Well, certain flavors require me to put in a lot of time and effort into making them. And that was one of those things where everybody wanted to taste it. And I don’t want to just give out samples of it to everyone so that they can just taste it, because it ends up being that I give out more samples than I sell.

And you kind of make people fully commit that way.
Right, and it sort of forces people to step out of their comfort zones and try something different. And people who already do that sort of thing know it’s going to be good.

What’s an example of the lengths you have gone to in order to create a flavor? You forage sometimes, right?
Yeah, I have definitely harvested wild guava, strawberry guava, and lilikoi by going on hikes.

How do you come up with names like the green sorbet called The Incredible Hulk?
I had one called the Dirty Diaper that was vanilla ice cream with brownie chunks and fudge and caramel swirl. That one sold really quick because people just like the name of it. A lot of my marketing is creative wording. I get my names from personal likes and concepts.

There’s art on the walls, and maybe the ice cream is an art form too.
The connection between it all is just creativity. Creation. Even though they are from different realms, all of it comes from inspiration.

Why should people come to Wing?
People should come to Wing to get ice cream.

Okay, why should they come here instead of another ice cream shop in Honolulu?
The variety of flavors; there’s always going to be something different here. And for the experience of the shop itself.

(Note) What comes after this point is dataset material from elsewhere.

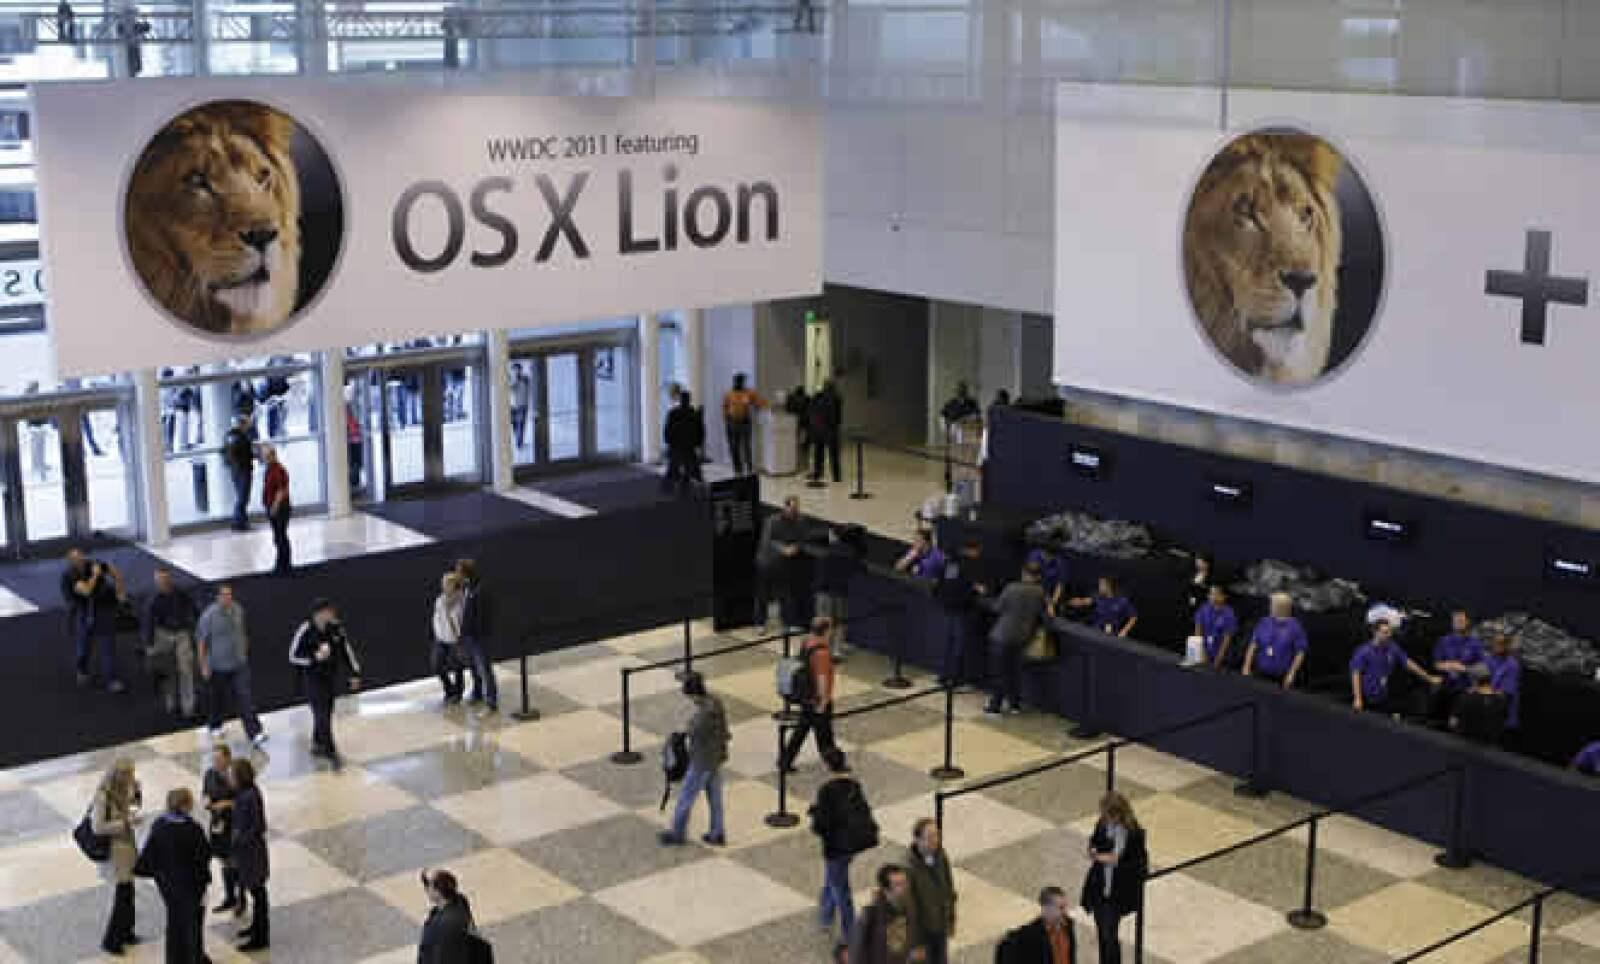 Los usuarios de productos Apple descargaron 14,000 millones de aplicaciones, dejando una derrama de 2,500 millones de dólares a los desarrolladores.

Does any of your mixed background come into what you do?
Yeah, even with the nostalgia, I’ll make stuff from my childhood that I want to revisit and turn into an ice cream flavor.

For example?
Right now we have li hing mango, which is like the signature shop flavor. I used to eat that all the time as a kid, so that’s one of the first things I made. I even make a li hing ice cake, which is something I used to get every day for 50 cents from the corner store. That sort of died out and you couldn’t find it anywhere, so I brought it back. Free for the skateboarding team. To be on the team you have to do a unique trick inside the shop.

What kind of interesting people do you get coming in here?
Speaking of the ice cake, a lot of the homeless or poor people around here that somehow get some money come for the ice cake or shave ice, which is $2. They look kind of gnarly, but they are fairly harmless.

Have you purposely used the shop for anything else?
I did have a music show a couple times for First Fridays. I was thinking about doing that again. Also, I’m probably gonna have my grand opening two years after opening, for Chinese New Year in February, so I’ll probably be giving out free stuff.

Do you put on art shows?
One homeless guy did. He isn’t exactly a Chinatown regular, but he is definitely crazy.

OK, I’ll have two scoops of that guy’s favorite flavor.